• [What the task asks]
When you reach the line with "CTQ_Valvulas-Trusted-Valve-Movil" in the records below, begin transcribing exactly and continue up to and including the line with "US HISTORY COMMON EXAM War Of 1812-Civil War", leaving out every picture.

• [Extracted records]
((

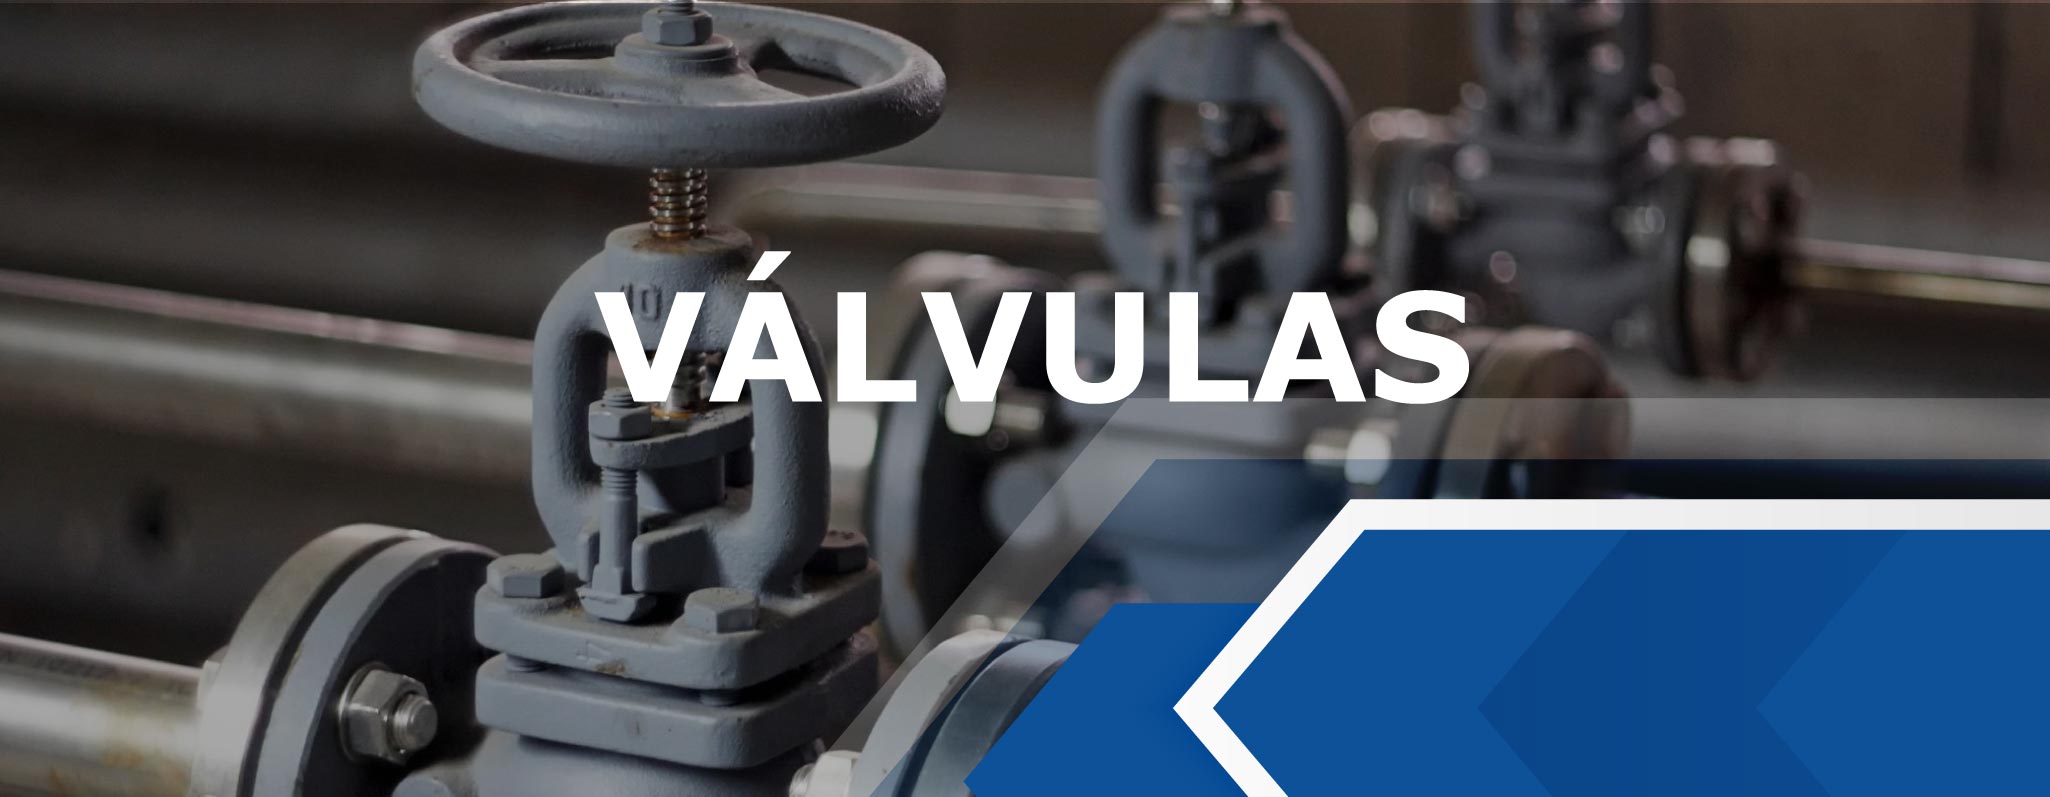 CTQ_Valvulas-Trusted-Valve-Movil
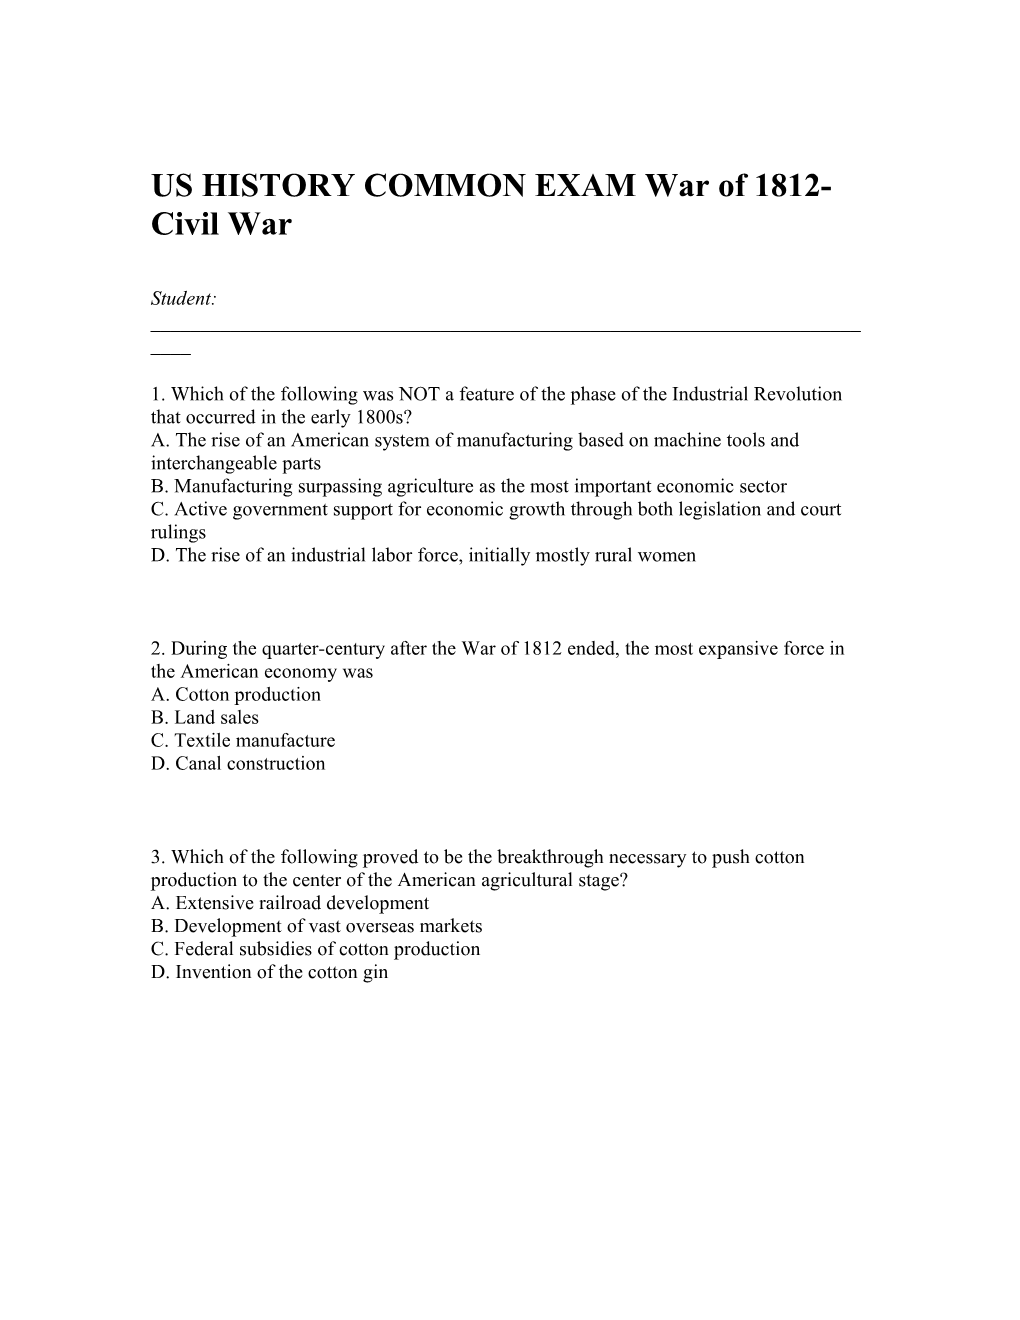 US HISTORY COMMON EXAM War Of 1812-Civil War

))
((

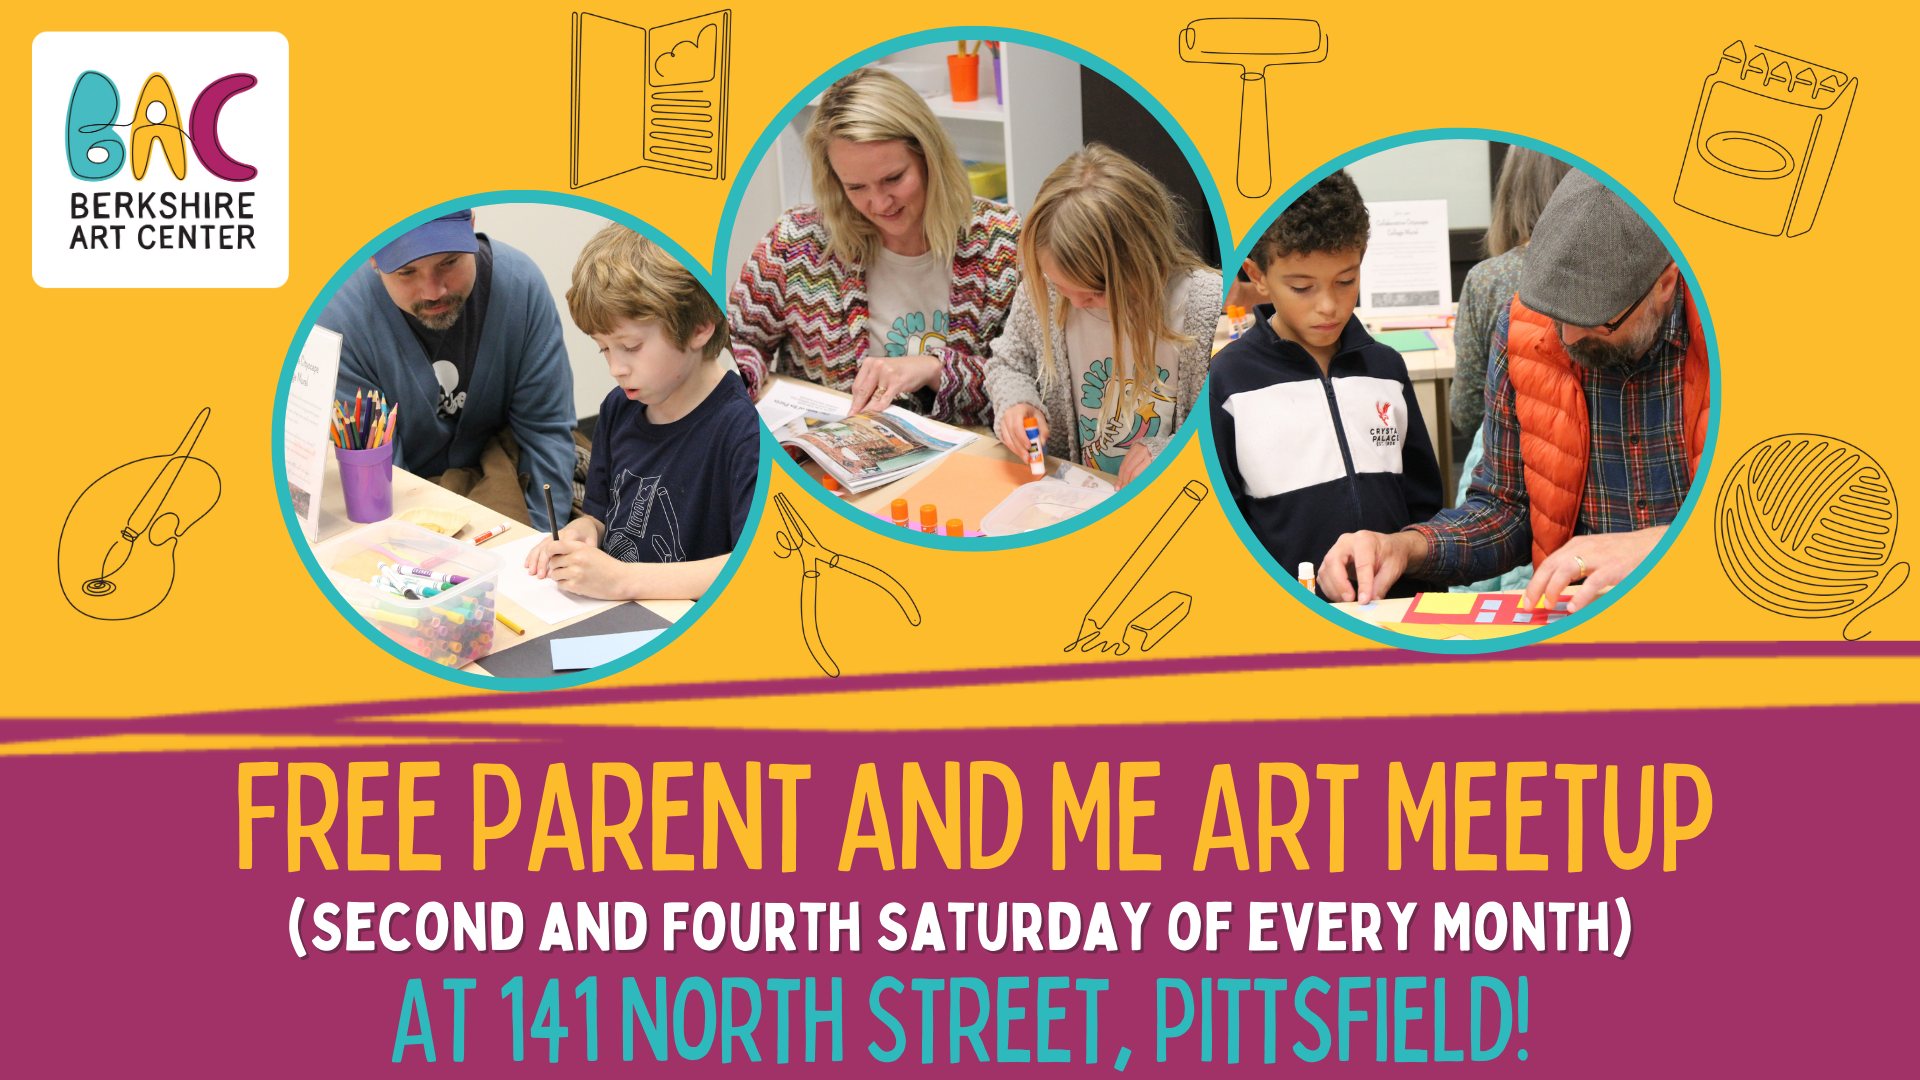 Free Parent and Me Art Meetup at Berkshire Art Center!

))

• [Response below]
 CTQ_Valvulas-Trusted-Valve-Movil
 US HISTORY COMMON EXAM War Of 1812-Civil War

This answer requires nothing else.